The pharmacodynamic model describing the relationship between unbound plasma concentrations and S6K1 inhibition used may not representative of the human situation, as it was initially developed in rodents. However, there has been extensive research on this subject and this showed that differences in pharmacokinetics in rodents and humans were the only determinants for observed differences in S6K1 inhibition and that there was only a limited difference between tumor-bearing rats and cancer patients regarding the concentration effect of everolimus and its effect on signal transduction proteins such as S6K1 [22]. Therefore, this pharmacokinetic/pharmacodynamic model was also used to select the everolimus doses of 5 and 10 mg for the clinical phase II and III trials for treatment of solid malignancies [16]. Consequently, we think the model used is adequate to predict S6K1 inhibition, but it encourages prospective in vivo evaluation.

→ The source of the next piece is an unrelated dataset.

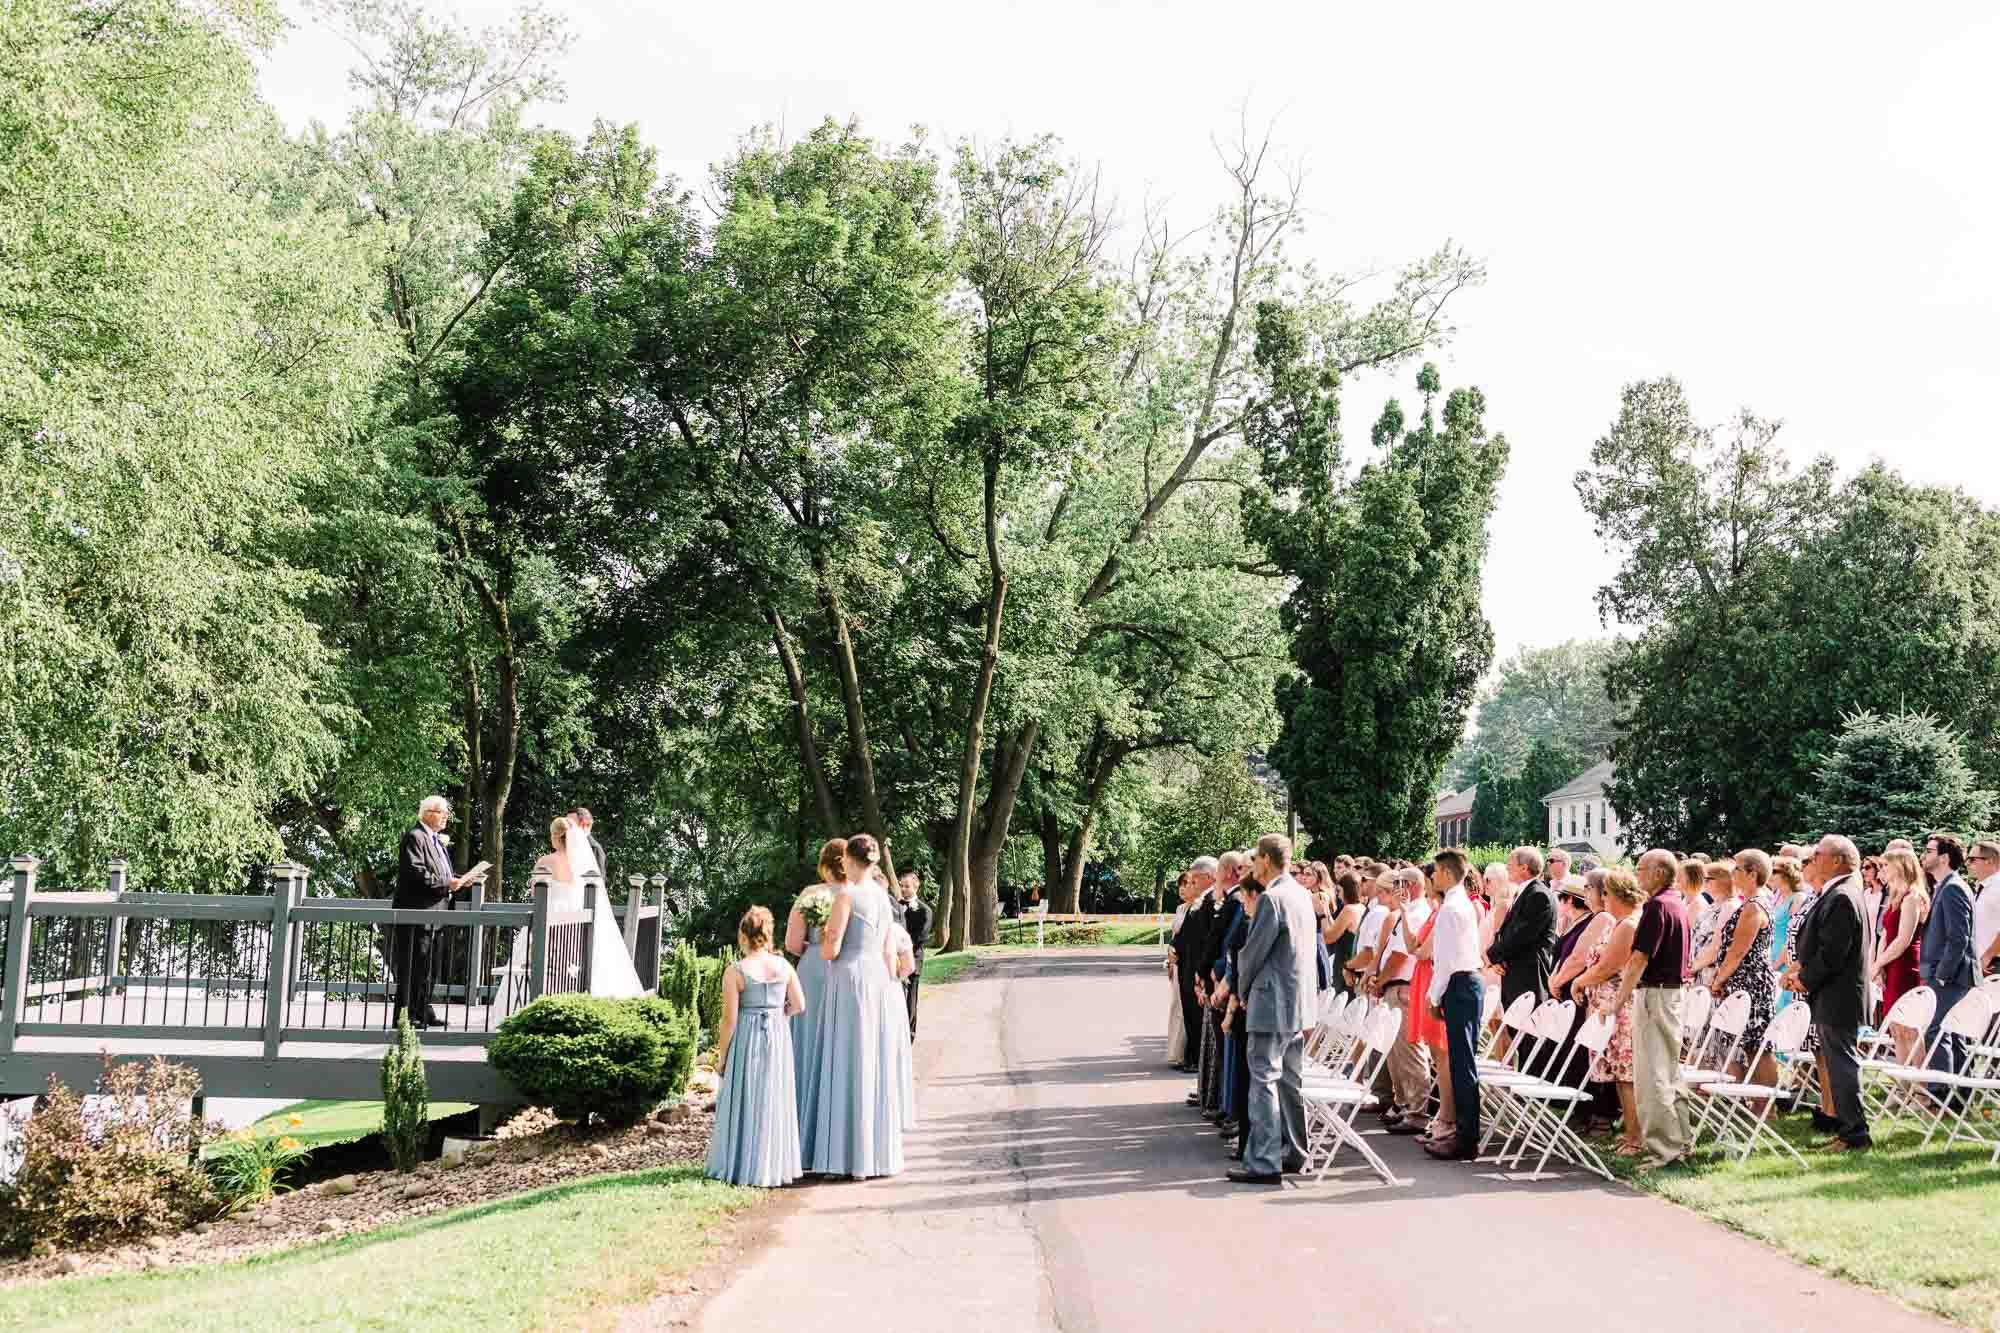 isle-of-que-wedding-6723.jpg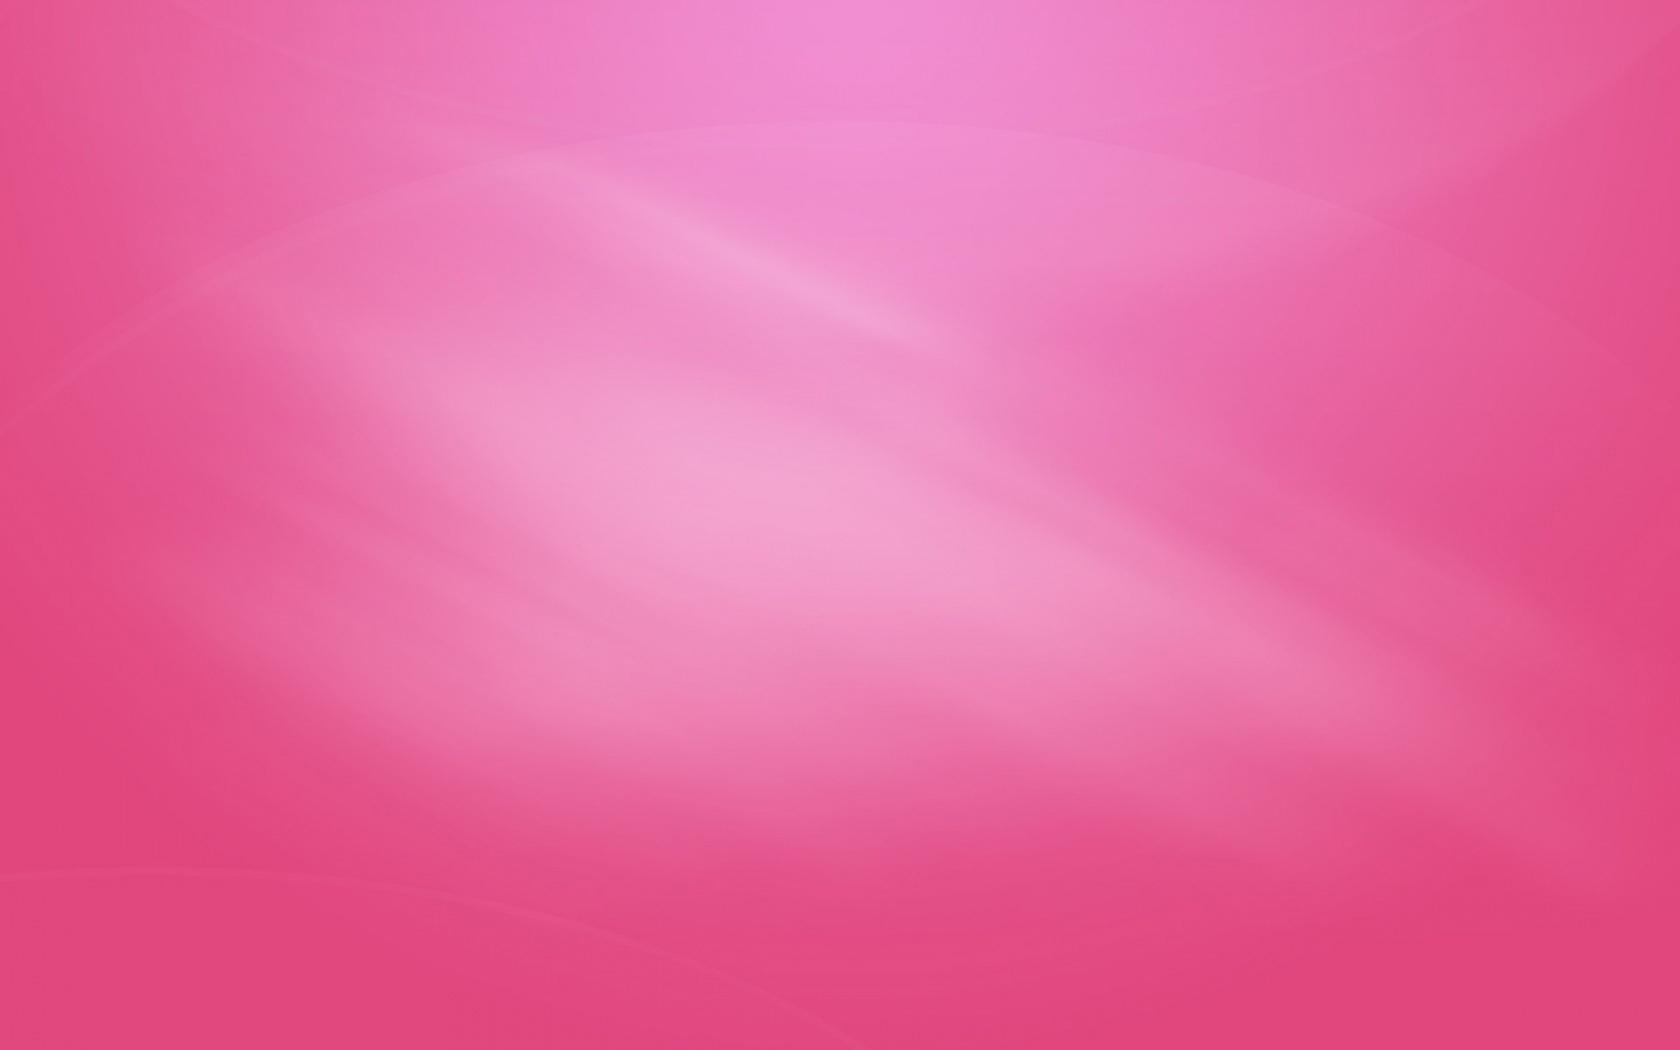 Pink computer background   Windows 7 Wallpaper 26875529 1680x1050

In addition, the use of strong inhibitors or inducers of CYP3A, the main enzyme involved in everolimus metabolism [10], and impairment of gastrointestinal function or gastrointestinal disease that may significantly alter the absorption of study drugs were exclusion criteria in our study. Therefore, extrapolation from our pharmacokinetic model to these situations may be limited. Finally, extrapolation of our model to different dosing regimens should be performed with caution since dose non-proportional pharmacokinetics cannot be ruled out over the large dosing range used within oncology. Currently, there are no data that support the assumption of non-linear pharmacokinetics; however, this should be investigated before broader use of this model.

For our simulation study, we implemented a previously developed pharmacokinetic/pharmacodynamic model that describes the relationship between unbound plasma concentrations of everolimus and tumor S6K1 inhibition and this model was used to rationally guide clinical development of everolimus dosing schedules. The variability in predicted tumor S6K1 inhibition in our study may be under-estimated, as this previously developed model does not account for variability in the pharmacodynamics parameters. Also, this pharmacodynamic model only accounted for tumor S6K1 inhibition. As it stands, no pharmacokinetic/pharmacodynamic model is available to describe the relationship between plasma concentrations and inhibition of peIF-4G, another downstream effector of mTOR. It is known, however, that a higher drug exposure is necessary for complete inhibition of other downstream mTOR pathways than S6K1. The clinical relevance of this difference remains unknown and should be further investigated. However, as S6K1 inhibition is considered a good biomarker for monitoring mTOR inhibition [16, 22, 30], it would be interesting and relevant to investigate the effect of variable plasma everolimus concentrations on S6K1 inhibition in patients treated with everolimus and correlate the S6K1 inhibition potential to treatment outcome. This will help to better understand the mechanism underlying everolimus-induced efficacy and toxicity and the involvement of everolimus pharmacokinetics herein [7].

The current analysis clearly demonstrates that hematocrit relevantly influences whole-blood concentrations while plasma concentrations remain unaffected. Since the unbound everolimus concentration is available to interact with the target, we believe that plasma concentrations should be used to investigate exposure–treatment outcome relationships. Our semi-physiological model can be used for this purpose.